IVO ids and Data Sets Identifiers

Alberto Accomazzi aaccomazzi at cfa.harvard.edu
Wed Sep 24 12:28:53 PDT 2003


Tony,

there is no reason why the dataset identifiers used by the journals 
*need* to be valid identifiers according to the IVO WD, but obviously it 
would be desireable to have as much consistency as possible between the 
two since we can assume that at some point in the near future IVO 
identifiers will become well-known at least to datacenter managers and 
developers, if not end-users.

The original plan concerning the verification and linking of these 
identifiers called for ADS to create and maintain the infrastructure 
enabling this to work.  We are still going to go ahead with that plan, 
but obviously we'd like things to be as VO-ready as possible so that one 
day we can tie these tools into the registry without any major effort.

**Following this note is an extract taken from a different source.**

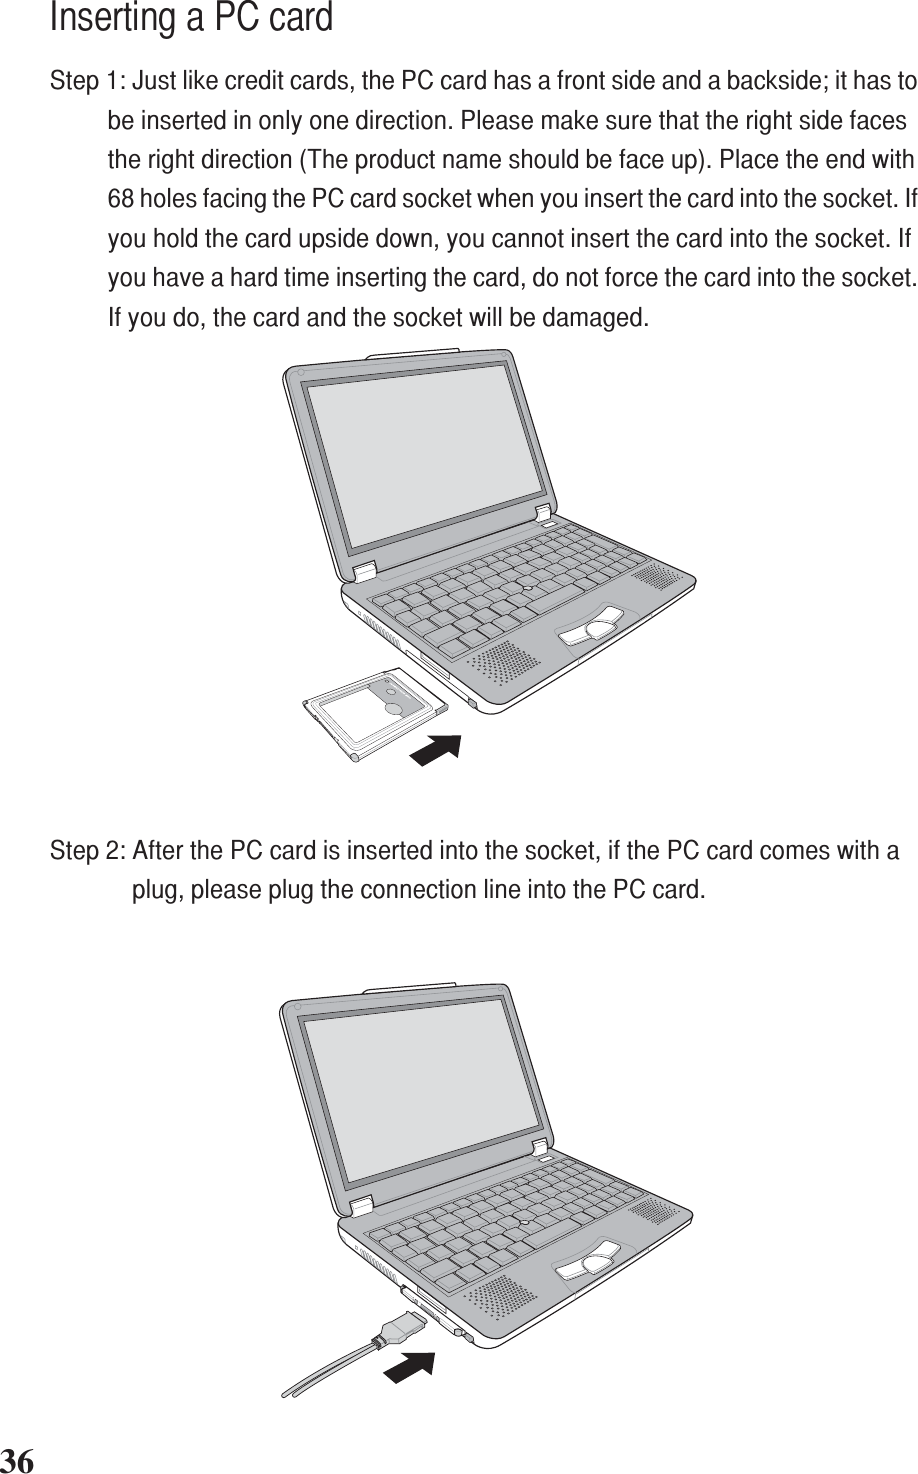 36+-+-Inserting a PC cardStep 1: Just like credit cards, the PC card has a front side and a backside; it has tobe inserted in only one direction. Please make sure that the right side facesthe right direction (The product name should be face up). Place the end with68 holes facing the PC card socket when you insert the card into the socket. Ifyou hold the card upside down, you cannot insert the card into the socket. Ifyou have a hard time inserting the card, do not force the card into the socket.If you do, the card and the socket will be damaged.Step 2: After the PC card is inserted into the socket, if the PC card comes with aplug, please plug the connection line into the PC card.

So while there are a number of ways we can make this work by creating 
translation/lookup services even if there is no 100% syntactic agreement 
between what gets published in the journals and what becomes the IVO 
standard for identifiers, I think it would be a pity not to have an 
agreement since the time is right for this to happen.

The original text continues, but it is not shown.